LLM Judge
scripts/llm-judge.sh is a small utility that performs semantic pass/fail evaluation by sending content and criteria to an LLM via the pi CLI. It is used by workflow roles (e.g. the autoresearch evaluator) that need a judgment call beyond hard metrics.
Usage
The script accepts criteria as the first argument and content either as the second argument or via stdin:
bash
# Pipe content
echo "<content>" | scripts/llm-judge.sh "<criteria>"

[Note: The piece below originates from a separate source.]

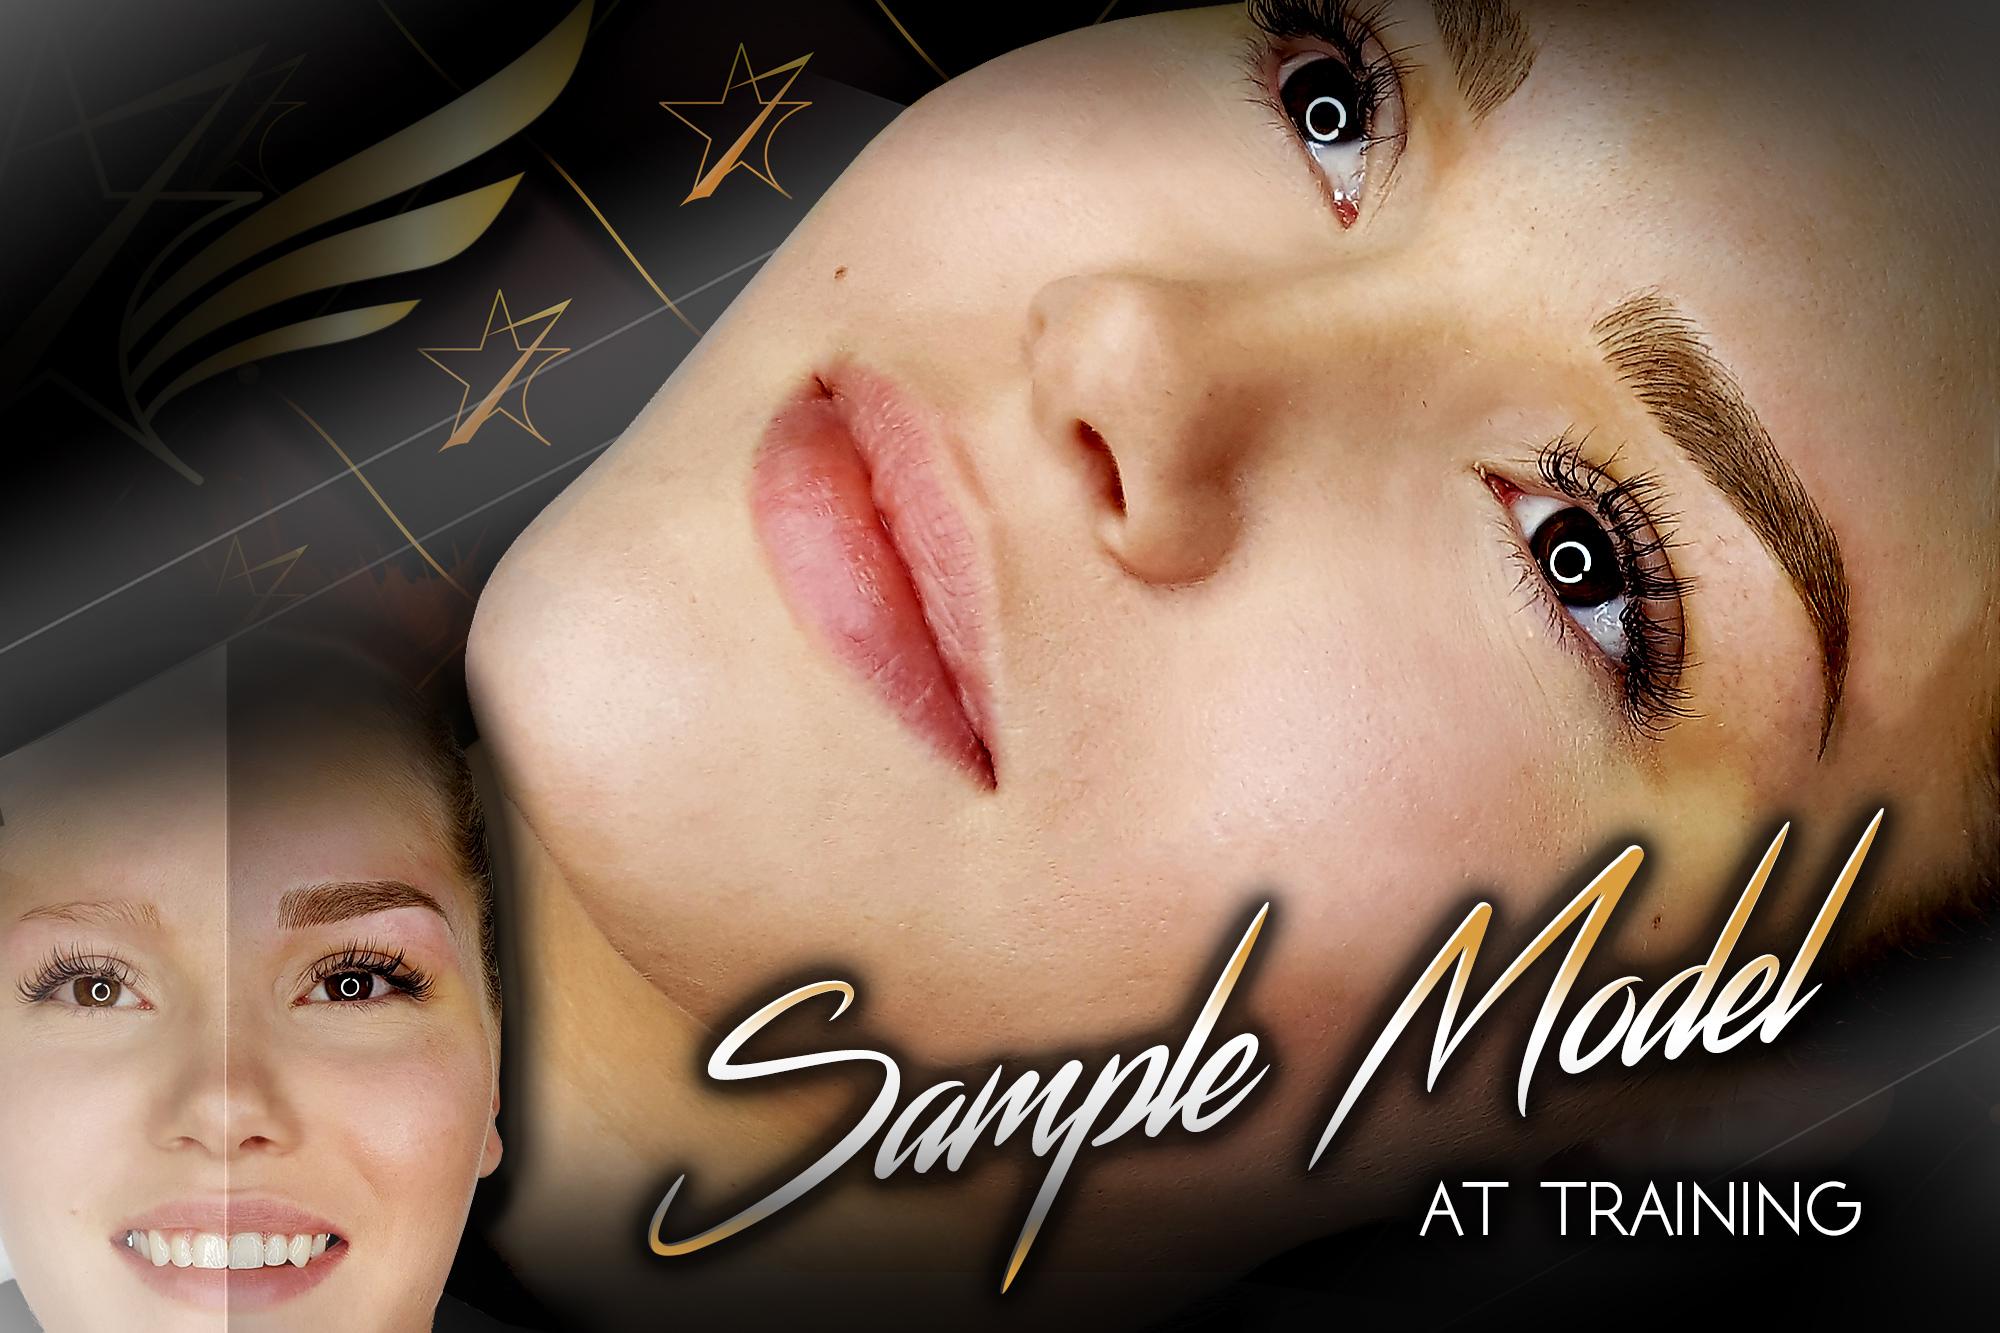 samplemodels.jpg

# Pass content as second argument
scripts/llm-judge.sh "<criteria>" "<content>"From within a preset role prompt the path is relative to the preset directory:
bash
echo "$output" | ../../scripts/llm-judge.sh "output is valid JSON with a 'status' field"Output
The script prints a single JSON line to stdout:
json
{"pass": true, "reason": "one sentence explanation"}Error messages (empty content, pi failure, unparseable response) are printed to stderr in the same JSON shape.
Exit codes
| Code | Meaning |
|---|---|
0 | Pass — the content satisfies the criteria |
1 | Fail — the content does not satisfy the criteria, or content was empty |
2 | Judge error — pi invocation failed or the response could not be parsed |
How it works
- Builds a prompt instructing the LLM to return a
{"pass": bool, "reason": "..."}JSON object. - Sends the prompt to
pi --no-streamand captures the response. - Extracts the first JSON object containing a
"pass"key from the response. - Echoes the extracted JSON and exits with
0(pass) or1(fail).
Dependencies
The script requires the pi CLI to be available on $PATH. See the pi-adapter subcommand for details on how autoloops wraps pi.